Аналогичным образом лорд Годдард отверг предложение, в соответствии с которым интенсивность провокации должна была определяться в соответствии с характером и темпераментом индивидуума, подвергшегося ей, а не в соответствии с критерием «нормального человека»:
«Если вы позволите рассматривать вопрос, каким образом было спровоцировано то или иное лицо, ну что ж! вы можете быть уверены, что каждый сможет доказать — и найти друзей, которые ему в этом помогут, — что он исключительно возбудим, и таким образом вы ввяжетесь в разбирательства, неприменимые ни к какому другому закону».

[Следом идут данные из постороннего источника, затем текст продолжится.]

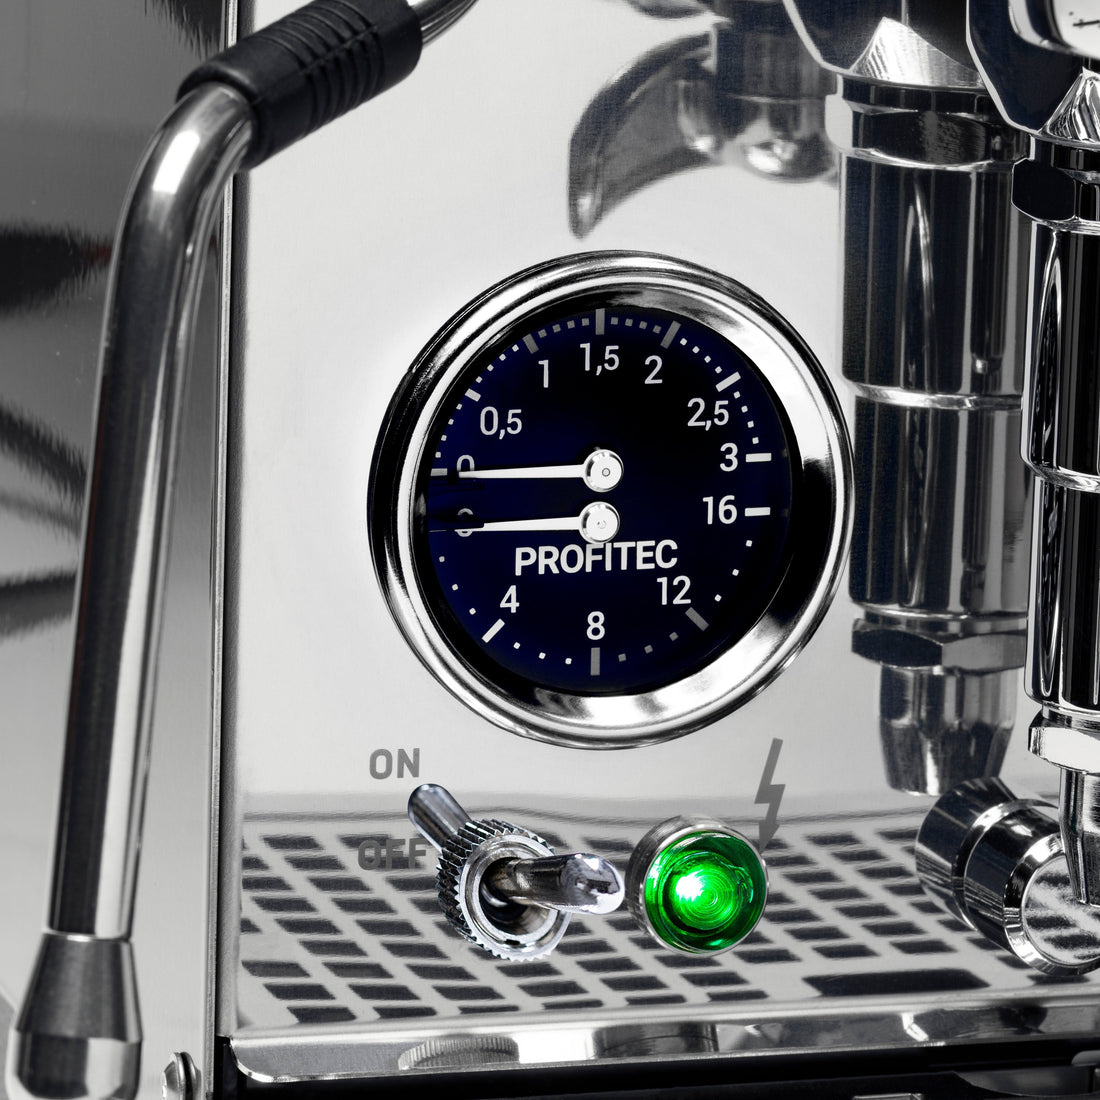 Profitec Pro 400 Espresso Machine in Matte White with Flow Control

Это и на самом деле так. Но другие законы не обязывают вешать людей, и это, действительно, следует принять во внимание. Представьте затруднения, созданные тем фактом, что будут допущены свидетели, заявляющие, будто лицо, запертое в клетке, отличается возбудимостью и не всегда в состоянии контролировать себя! Аргументы лорда Годдарда можно резюмировать следующим образом: если мы прекратим вешать убийц под тем предлогом, что они действовали под влиянием внутренней необходимости, это побудит судей применять идентичные критерии и к виновным в других проступках, действовавшим под влиянием аналогичных факторов. Если на палача уже не смотрят как на естественного врача по умственным отклонениям, тогда «прежний судья» не может выполнять функцию естественного целителя клептомании. Увы, есть и сегодня судьи, юристы и присяжные, которые, пренебрегая уроками Кока и М'Найтена, устанавливая тяжесть проступка, считаются с социальным фактором и с психической несостоятельностью. К счастью, вопрос не стоит так, когда речь идет о лицах, совершивших подлежащее смертной казни преступление: присяжные не в силах укоротить веревку, равным образом как нельзя задушить под честное слово или условно разбить затылок.
Сделаем вывод. Недостатки закона о смертной казни неисправимы, поскольку смертная казнь основывается на философской концепции ответственности, не допускающей компромисса с детерминистской точкой зрения, принятой в судах по другим вопросам. В том, что касается других правонарушений и преступлений, применение закона отличается гибкостью; смертная же казнь в силу самой своей природы исключает любую возможность отмерить наказание пропорционально ответственности. Эта жесткость и лежащее в ее основе намерение, составляющие сущность высшей меры наказания, являются одновременно источником ее привлекательности и символической ценности для всех противодействующих социальному прогрессу общественных сил.